O imóvel do Vendão atualmente 

A beneficiadora de café começou a ser abandonada e atraiu o interesse do empresário Antônio Renato Gasparini Marson, conhecido como Toninho Marson, que comprou o local para instalar um depósito de ração. “Era Marson & Calais”, que tinha o Calé como sócio do Toninho Marson”, afirma.

Se ainda houver alguma máquina de beneficiamento da época, diz Marco, é possível encontrar alguma data estampada nela. Os equipamentos eram feitos de madeira, alguns importados da Inglaterra, mas todos tinham datas.

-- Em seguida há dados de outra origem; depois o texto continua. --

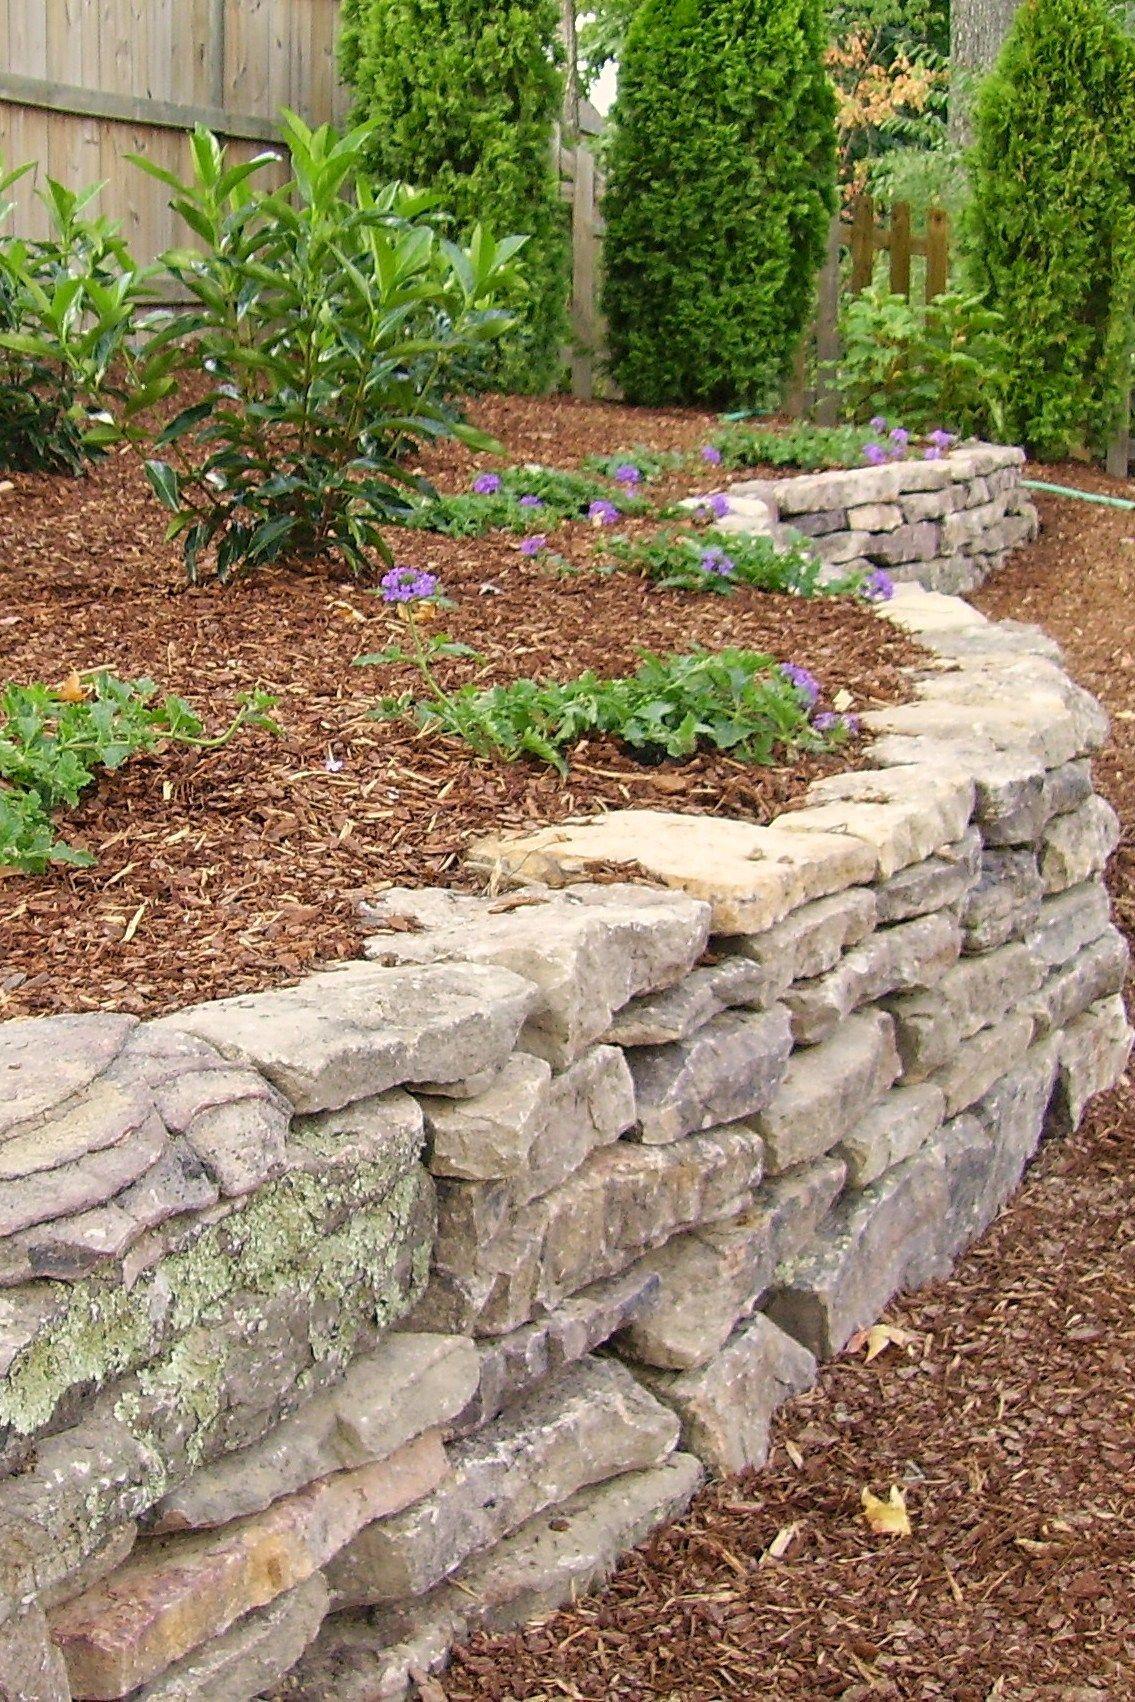 Dry Stacked Stone | Jardín con piedras | Pinterest | Dry stack stone on sloped vegetable garden, sloped raised flower beds, tiered garden beds, sloped landscape design, sloped garden design ideas,

Marco manifesta seu carinho e gratidão também ao empresário Toninho Marson. “Quando ele assumiu, pagamos um aluguel simbólico, tínhamos também muitas benesses e eu tinha até a chave do depósito para entrar e saía na hora que queria”.

Marco diz que Toninho Marson foi um benfeitor para sua empresa. “Ele nos ajudou a chegar onde chegamos. Tenho o maior carinho por ele por conta de tudo isso."

Apesar do valor afetivo do imóvel do Vendão, Marco diz que não é contrário à demolição. Para ele, as leis de tombamento ainda não funcionam de forma adequada no país e os prédios acabam abandonados. 

Em Serra Negra não há legislação que defenda o patrimônio histórico e cultural, segundo o presidente da Câmara, César Augusto Borboni, o Ney. Ele informou que o município segue as regras do Conselho de Defesa do Patrimônio Histórico, Arqueológico, Artístico e Turístico do Estado de São Paulo (Condephaat).